These Are The Things Most People Don't Know About The Hoonicorn RTR Mustang


This car had to be a rally racer, a rolling movie studio, and look badass all at the same time.

Many childhood fantasies are constructed out of Hollywood dreams of making it as an actor on the big screen. It looks fun, but like any good artist knows, making a craft look easy takes a colossal amount of work. Taking on a new role means actors must hustle to look the part and perform it well. Unbeknownst to the 35 million plus who have seen Ken Block famously tear up the Los Angeles streets in Gymkhana Seven, the 1965 Mustang that stars in the video had to undergo the same type of preparation.

The obvious pick for the Mustang's tuning was the RTR tuning company run by fellow Ford and Monster Energy athlete Vaughn Gittin Jr. Even though RTR knows its way around a Mustang, the shop had its work cut out for it. Tuning a racing car is one thing, but unlike the form follows function design philosophy of most race cars, this Stang had to look camera ready while being able to preform like a purpose built race car. To start the project, RTR took a 1965 Mustang and butchered it until almost nothing was left. Then the crew started from scratch on a project that was so secret that it garnered the name "Unicorn." Given that the car was built to hoon, RTR simply prefixed the car's original name with the word "hoon" and the Hoonicorn Mustang was born.
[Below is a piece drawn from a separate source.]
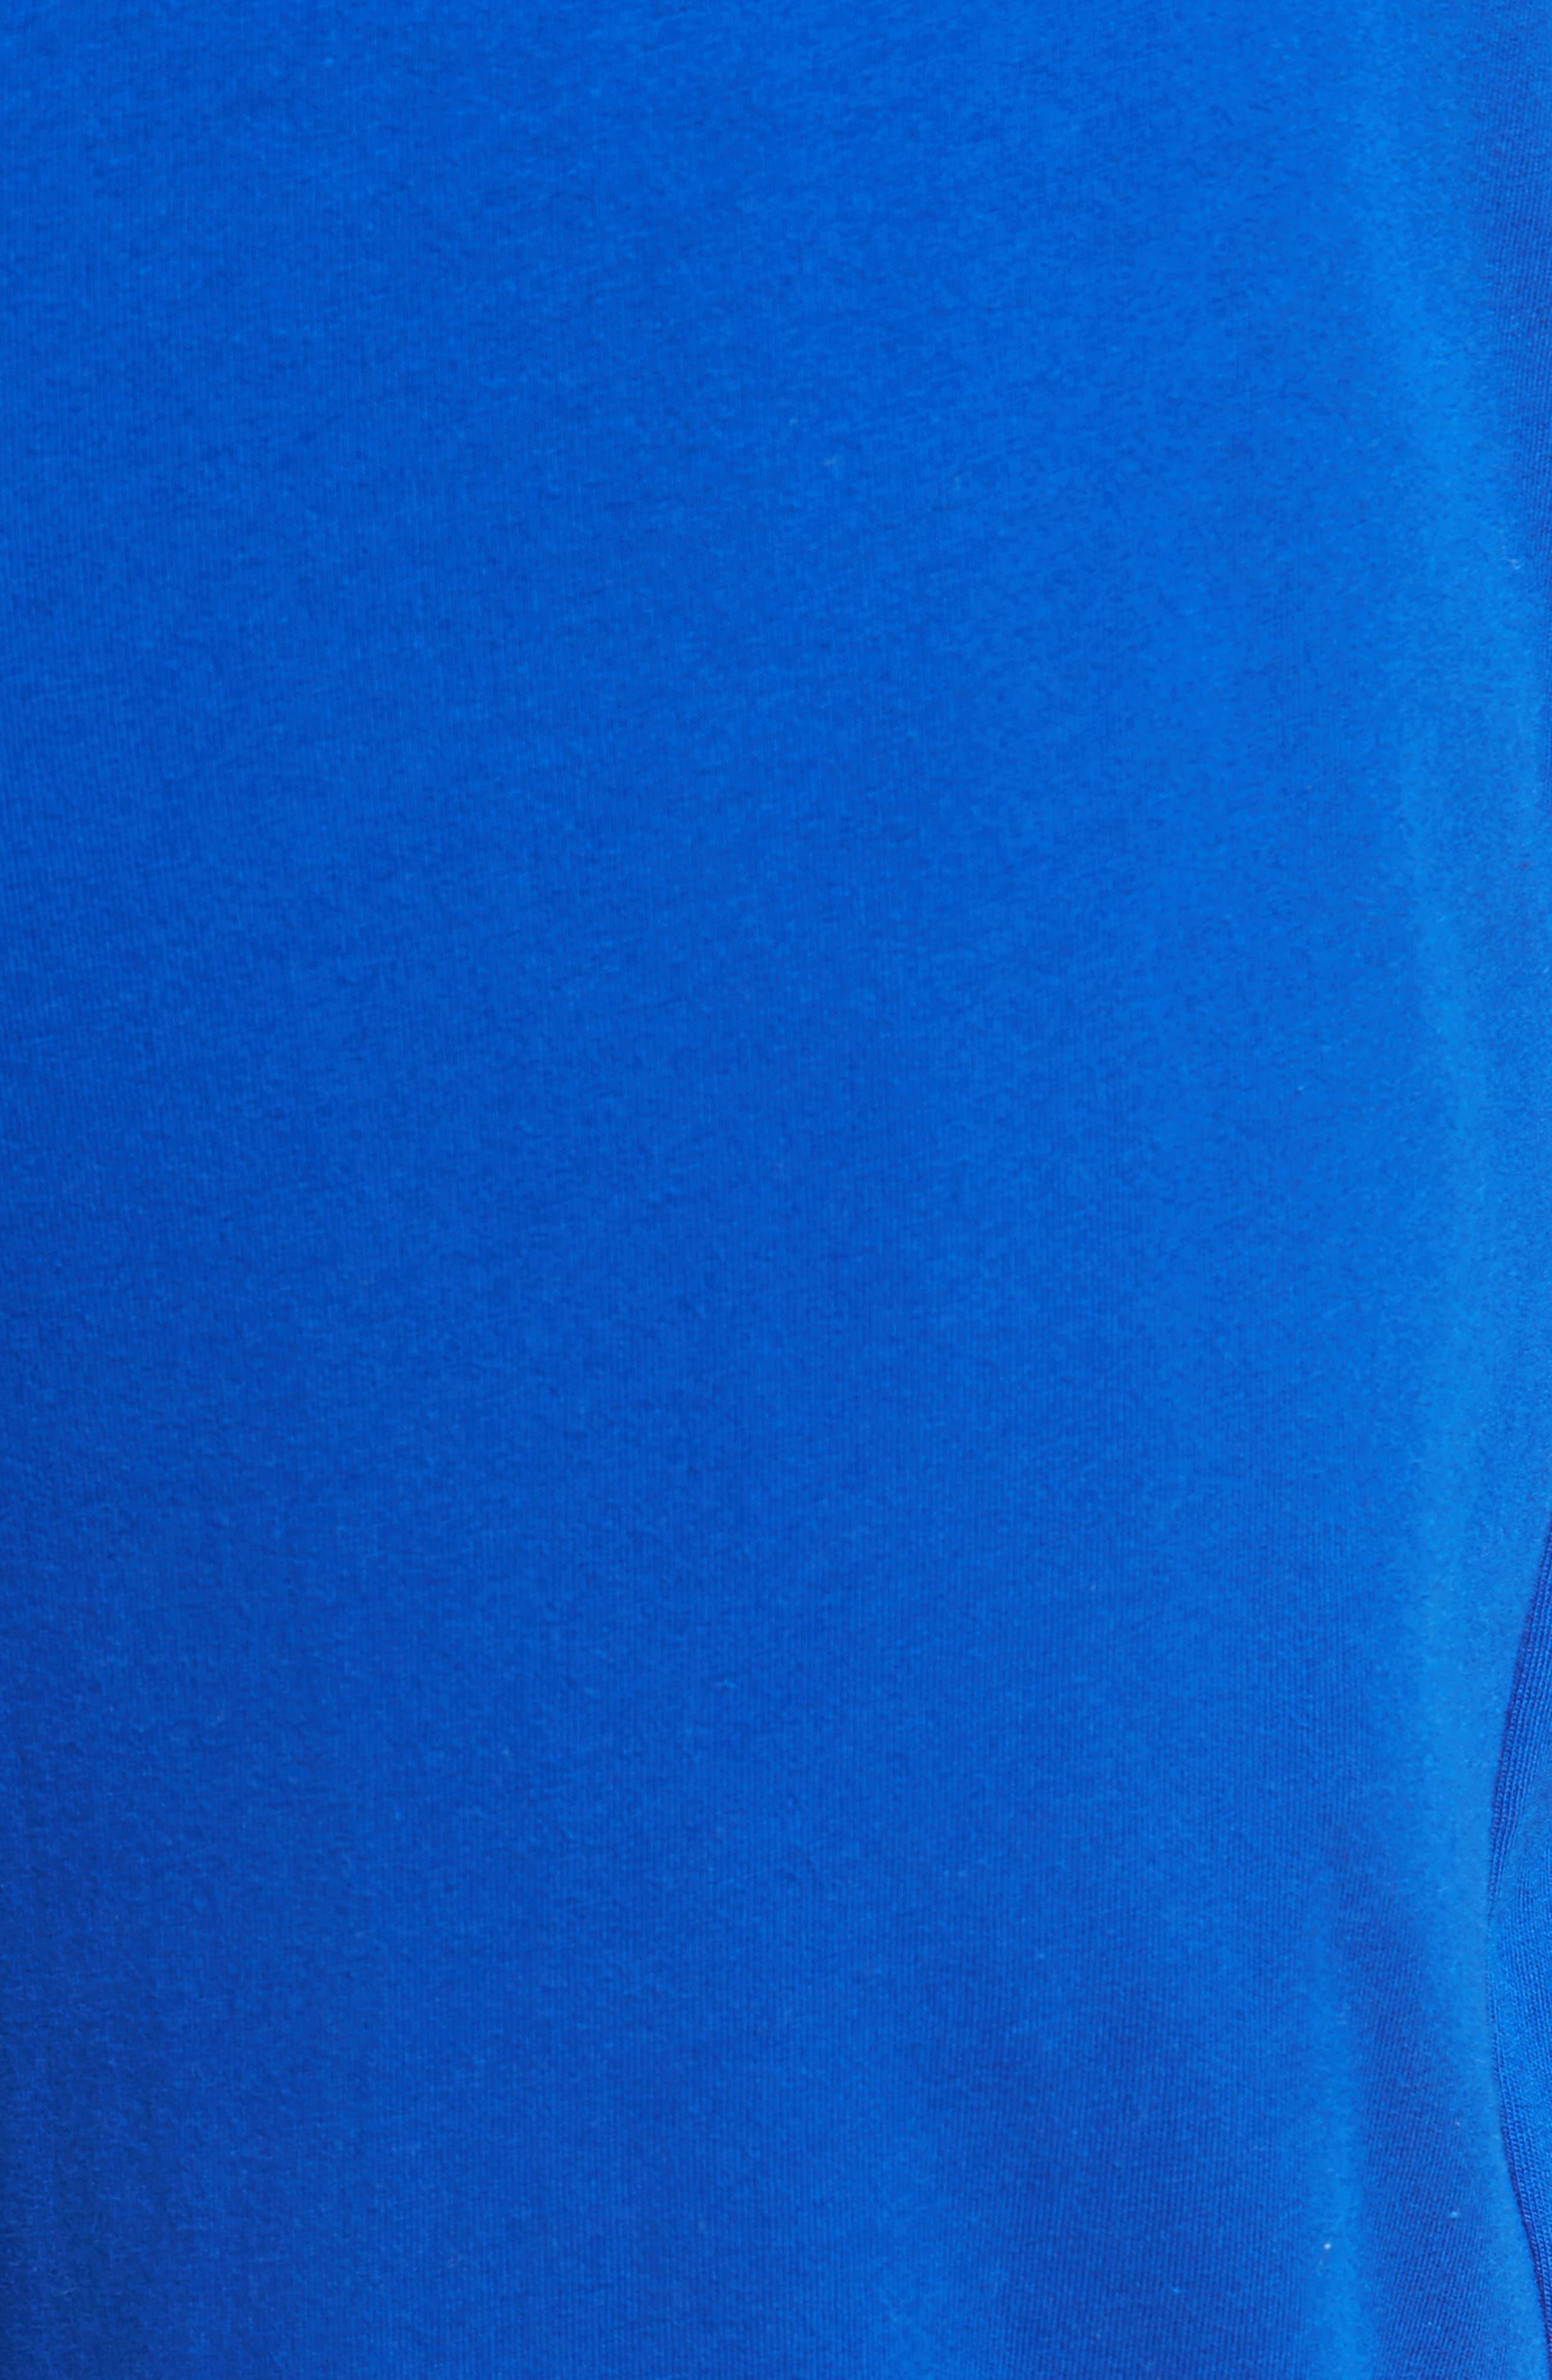 Polo Ralph Lauren Cotton Lounge Pants,                             Alternate thumbnail 5, color,                             Sapphire Star/ Crescent Cream
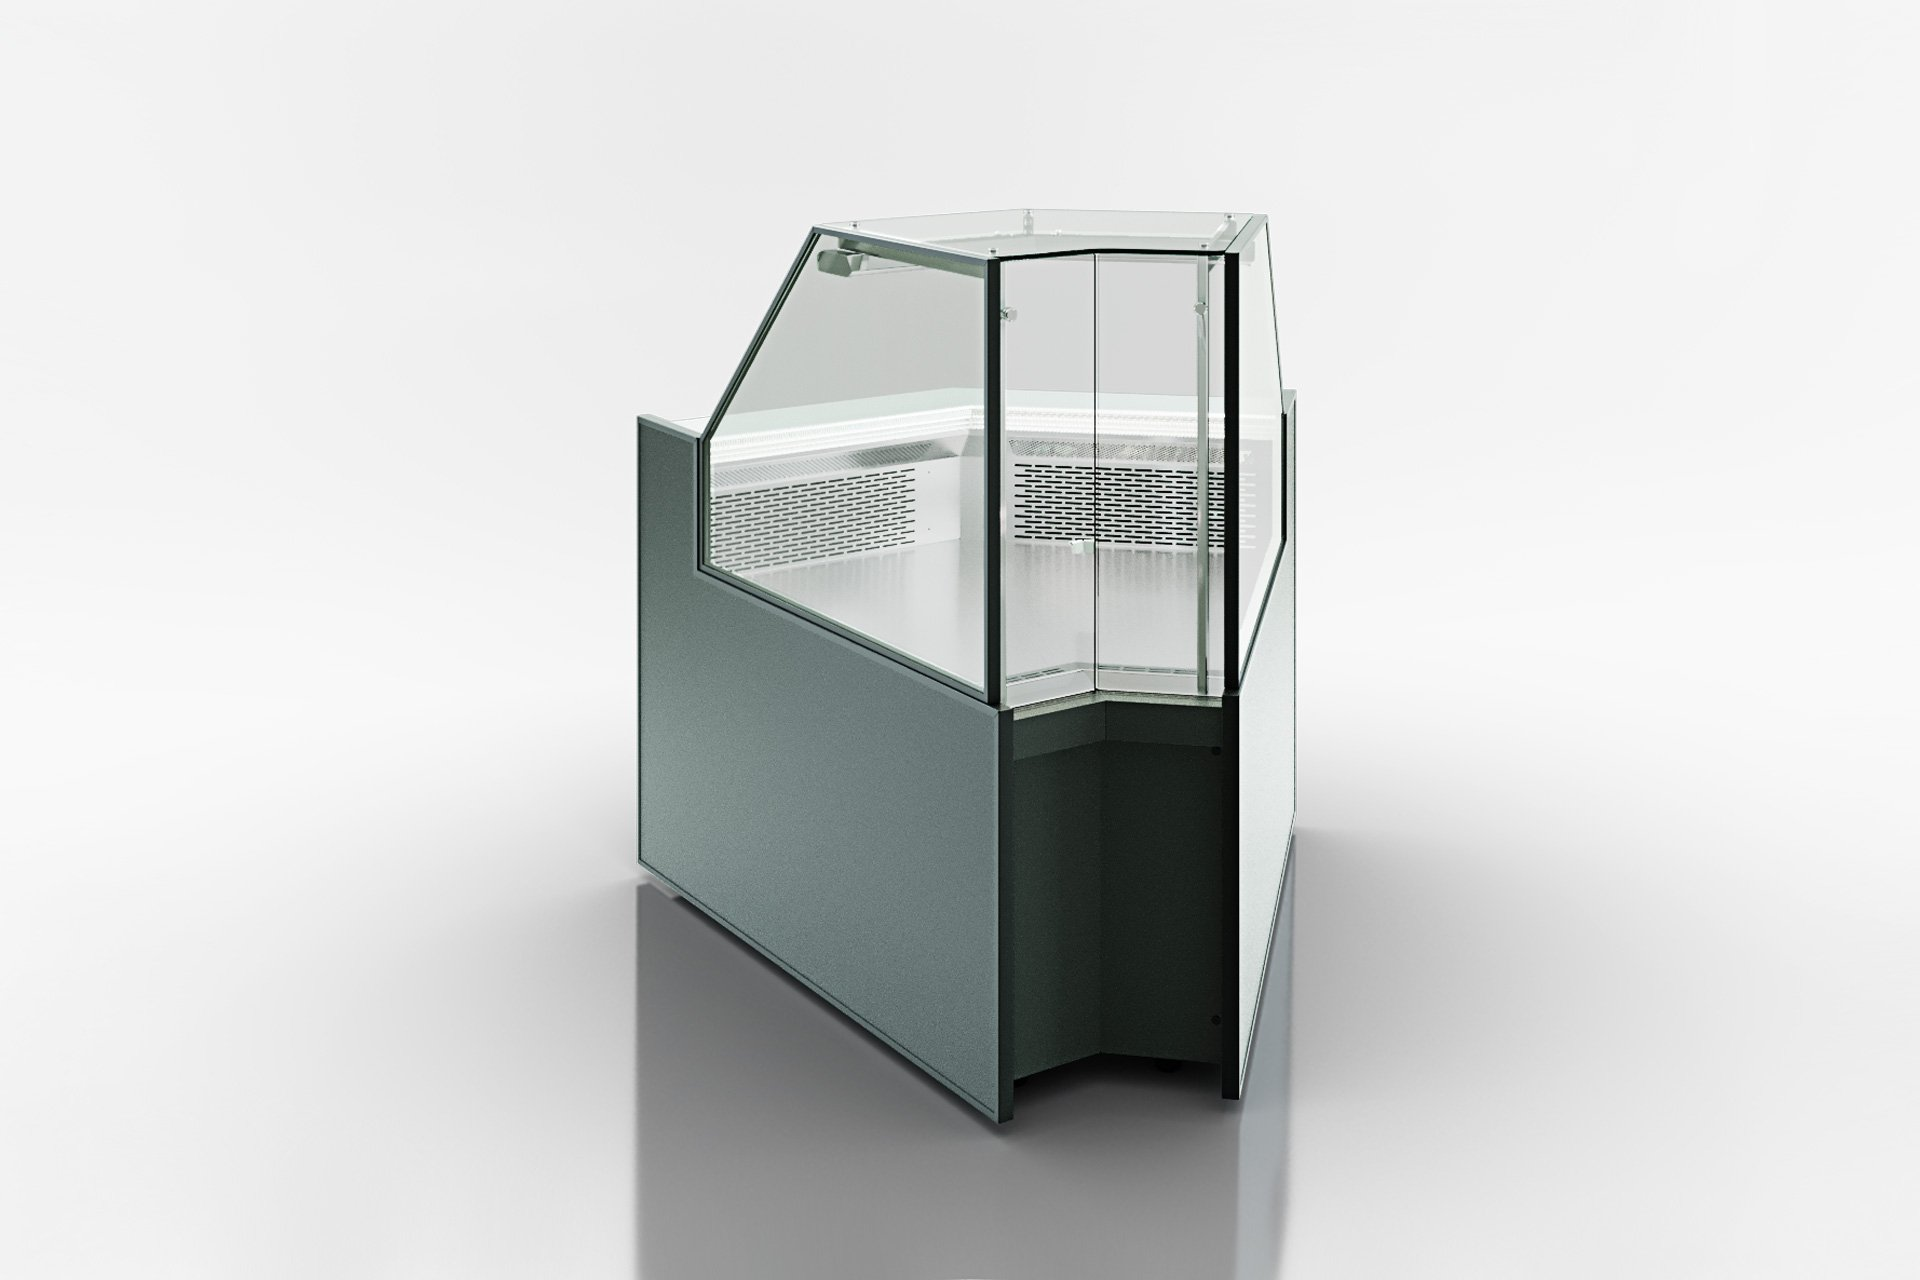 Eckelemente der Kühlfenstern Missouri MC 120 deli PP 130-DLM-IS45

Given that the plan for the finished product was supposed to be the world's first all-wheel drive performance Mustang, the RTR team could not keep the same chassis, so a new tubular frame was made. Not only did it have to handle 845 horsepower, it had to be safe, controllable, and tough enough to take the abuse while looking like a champion on camera. When it came to looks, the designers took inspiration from Group B rally cars and the movie Mad Max. Thus, a low roofline was planned. To accommodate Block, an AWD drivetrain, and the low roof, the floor was lowered by 2.5-inches and the tires were crammed high up into the body. Drama was also important and the Hoonicorn had plenty of custom tuning done to meet this end.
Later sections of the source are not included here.